REQUIRED ACTION:
Output the full listing below exactly; the images stay out.

Content starts

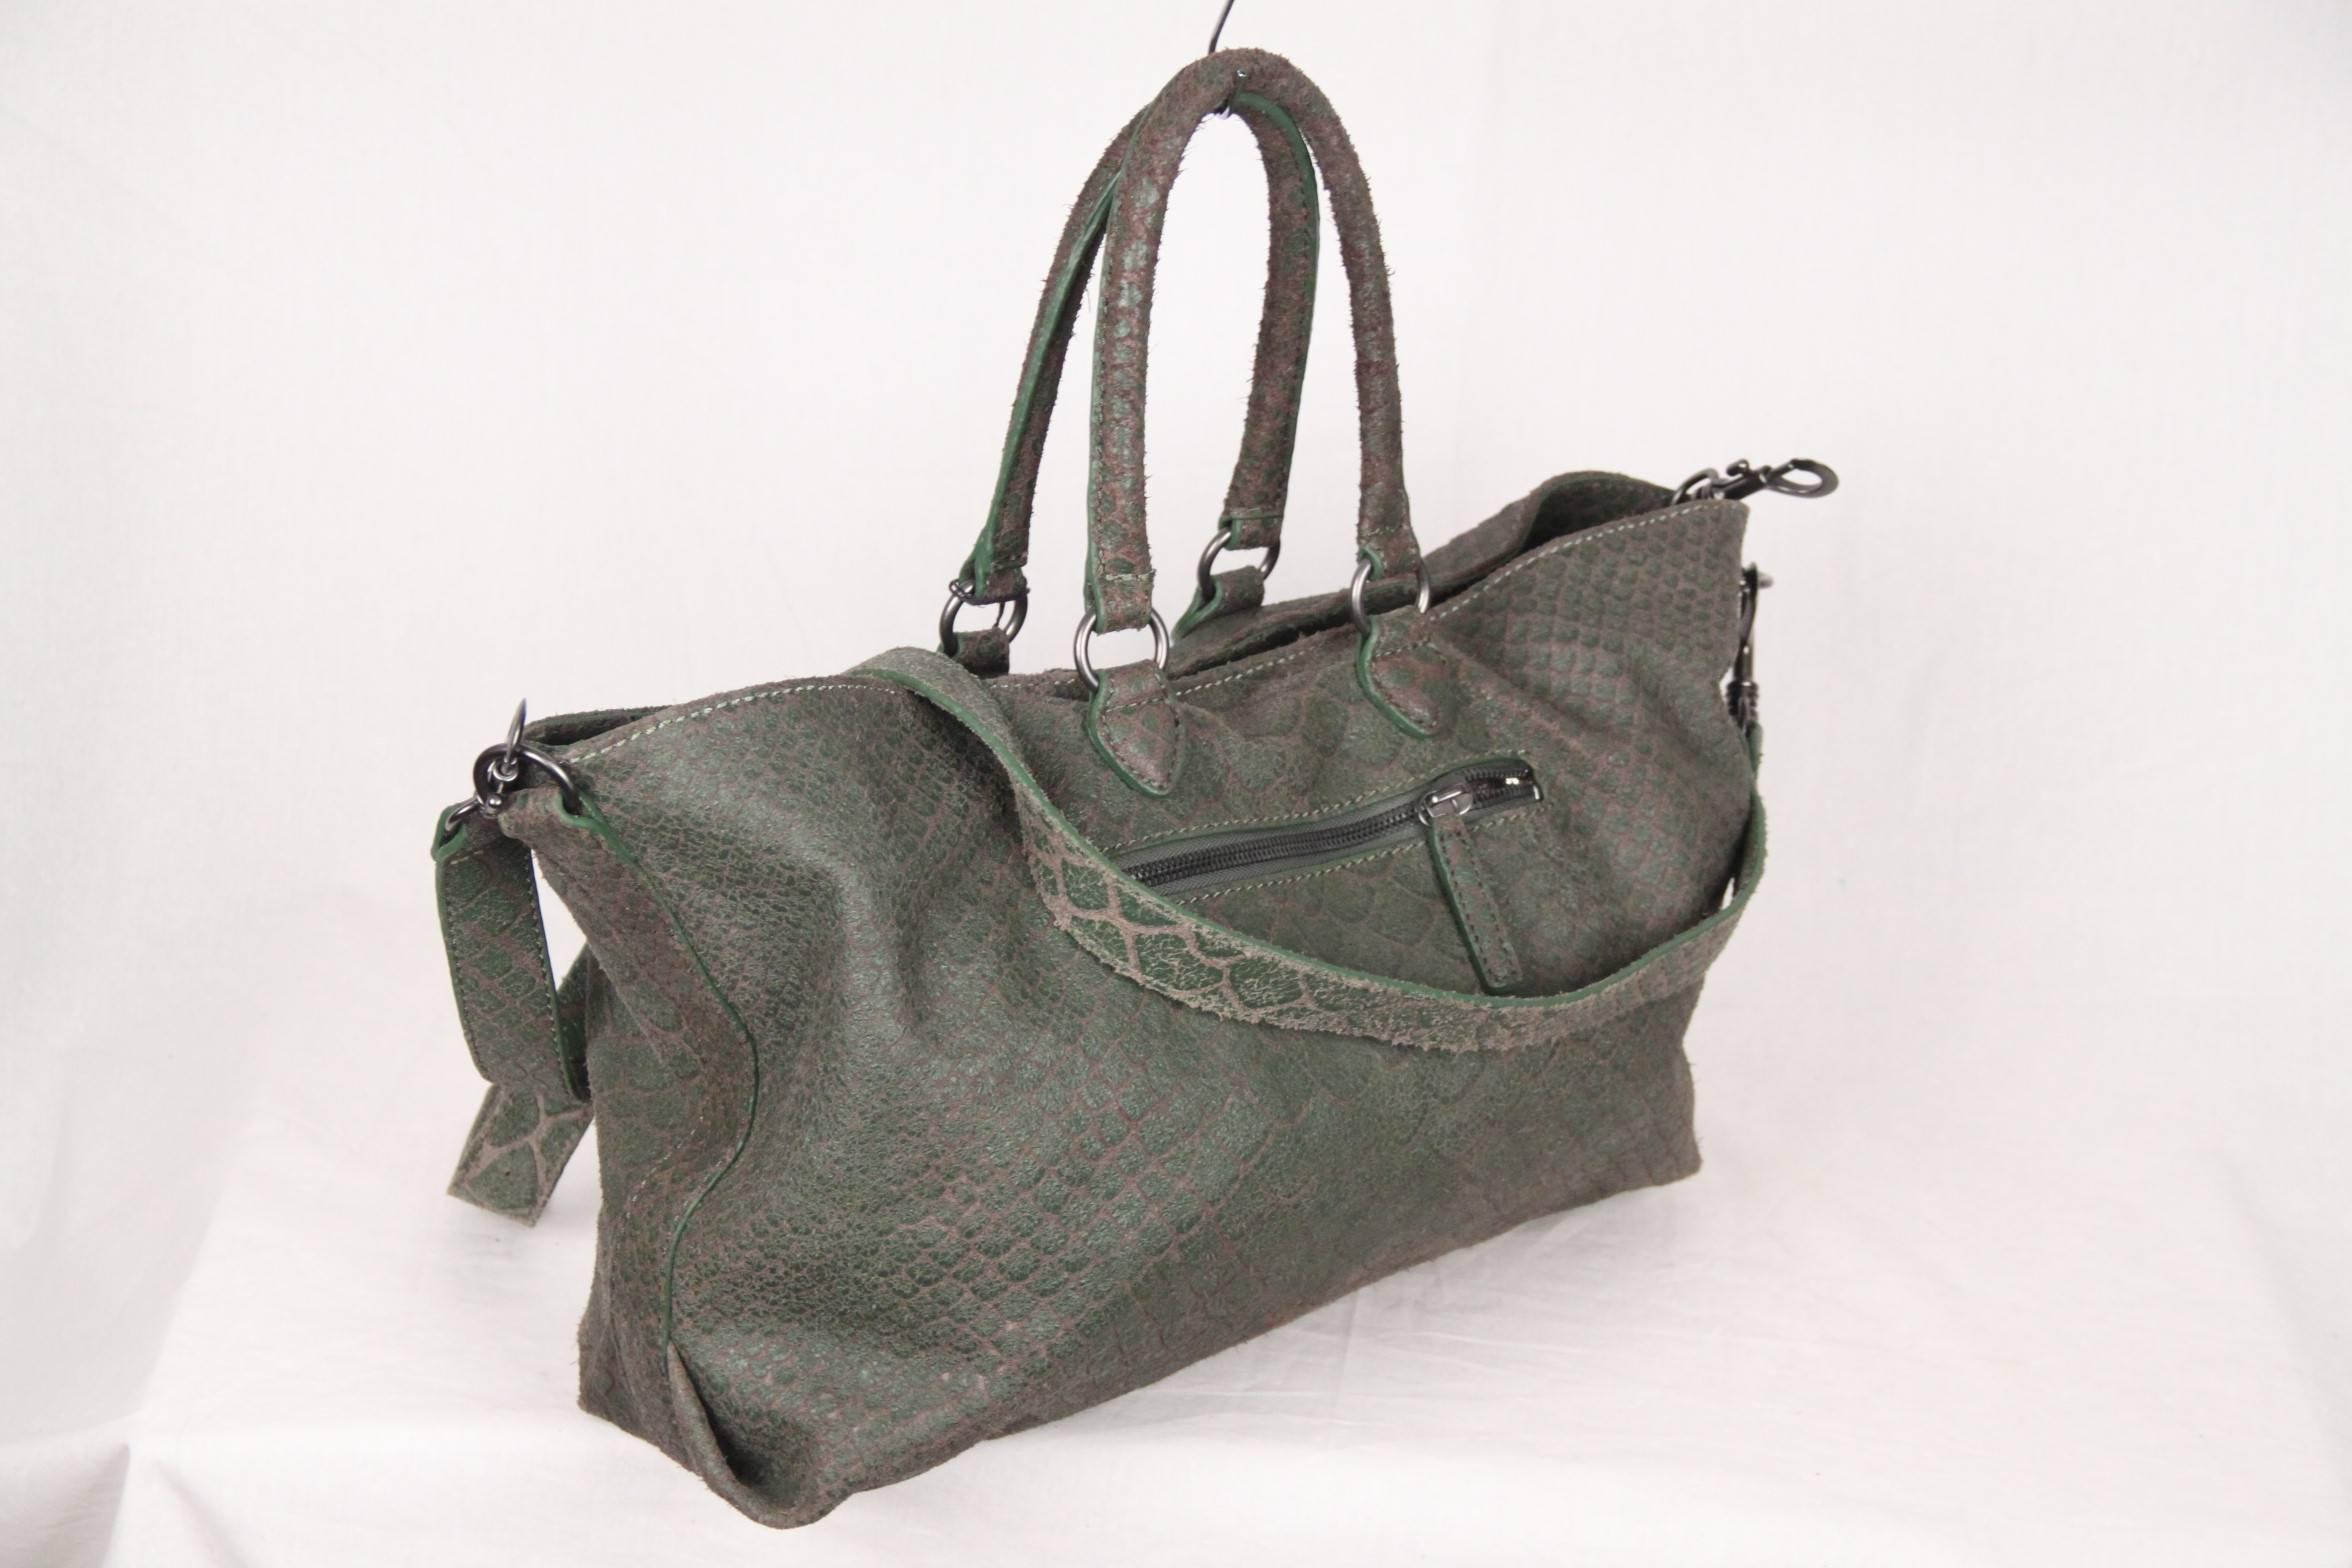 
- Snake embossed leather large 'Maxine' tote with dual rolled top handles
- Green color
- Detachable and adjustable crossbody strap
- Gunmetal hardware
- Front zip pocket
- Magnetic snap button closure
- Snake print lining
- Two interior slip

Content ends

SOLUTION TO THIS TASK:
- Snake embossed leather large 'Maxine' tote with dual rolled top handles
- Green color
- Detachable and adjustable crossbody strap
- Gunmetal hardware
- Front zip pocket
- Magnetic snap button closure
- Snake print lining
- Two interior slip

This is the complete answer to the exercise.